*Your assignment*:
Scan the records below for the line with "Water runoff deflector" and the line with "Complete Adventis Hymnal, title: 053-All". Repeat those two lines and every line between them exactly, and nothing else.

*Task input*:
—————
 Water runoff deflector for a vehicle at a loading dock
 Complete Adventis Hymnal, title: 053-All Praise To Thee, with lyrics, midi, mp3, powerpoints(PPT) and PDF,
—————
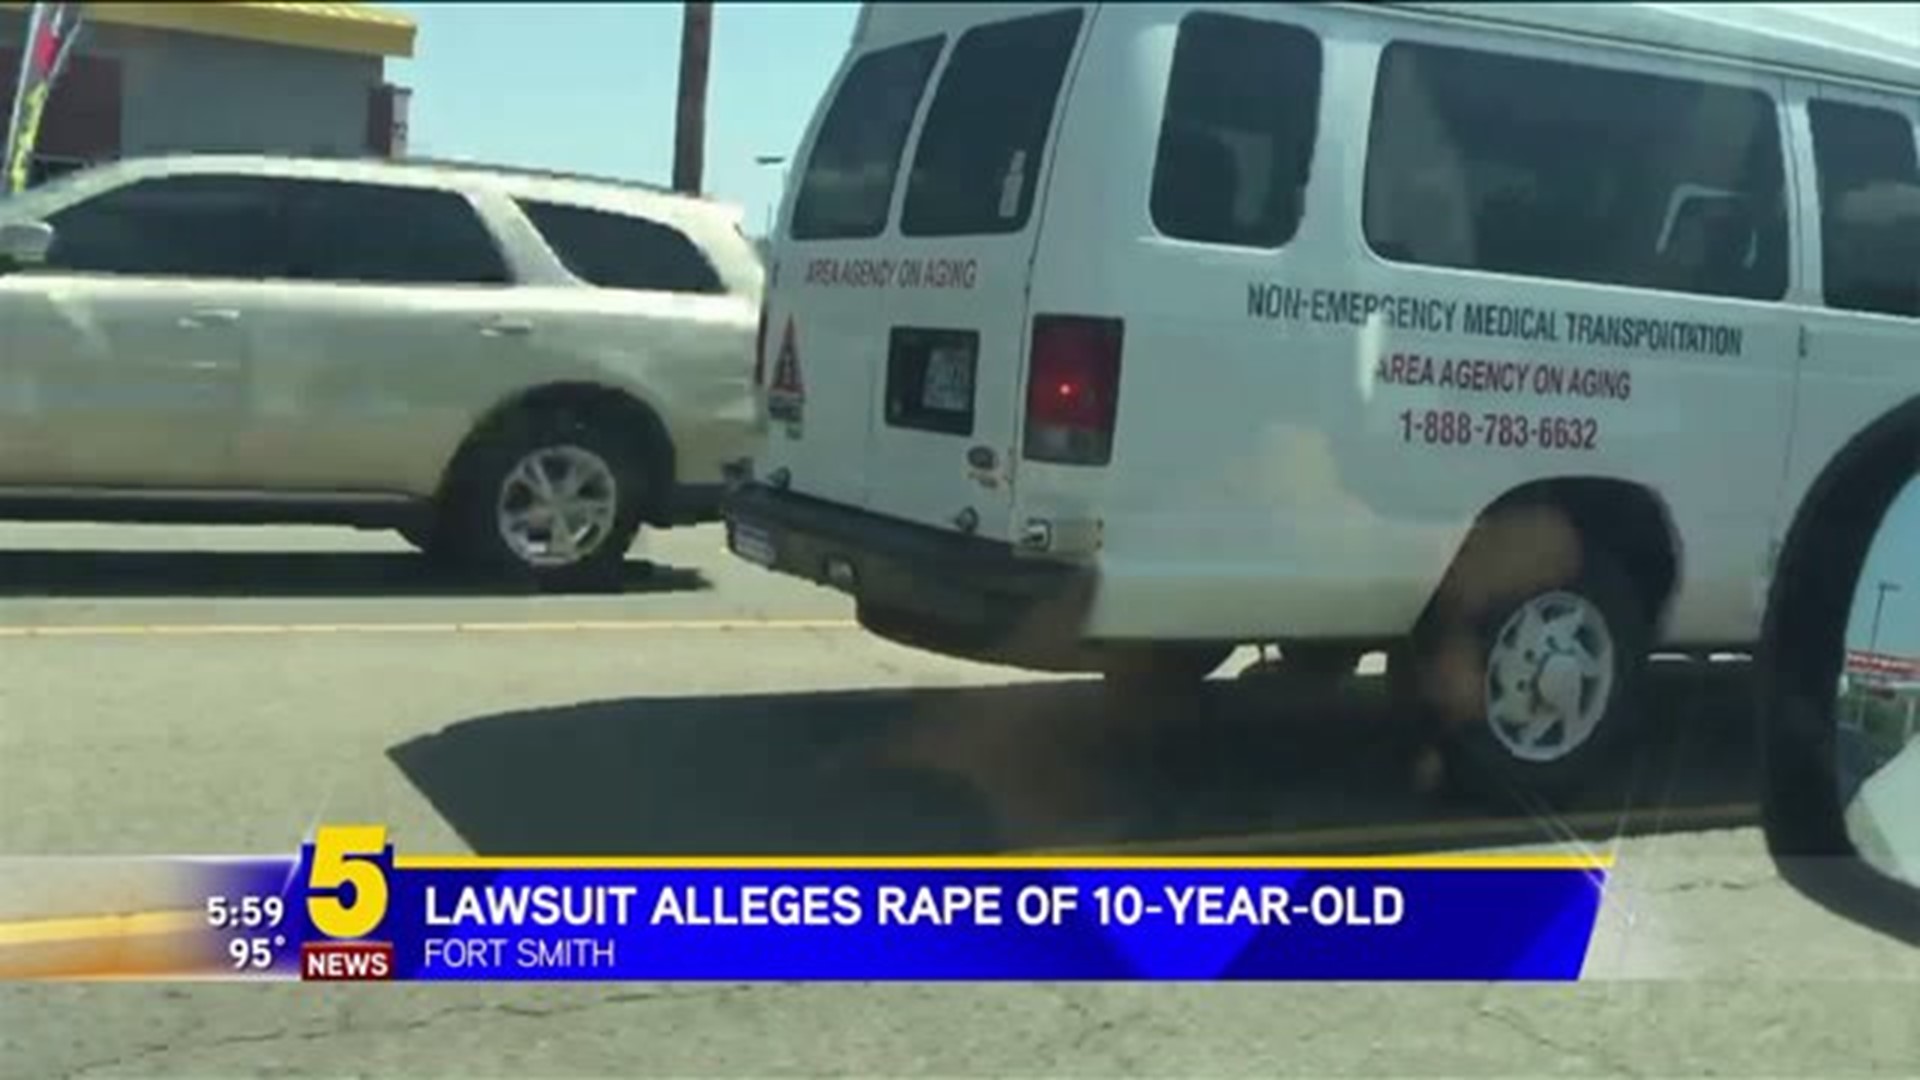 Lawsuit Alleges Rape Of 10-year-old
—————
*Your solution*:
 Water runoff deflector for a vehicle at a loading dock
 Complete Adventis Hymnal, title: 053-All Praise To Thee, with lyrics, midi, mp3, powerpoints(PPT) and PDF,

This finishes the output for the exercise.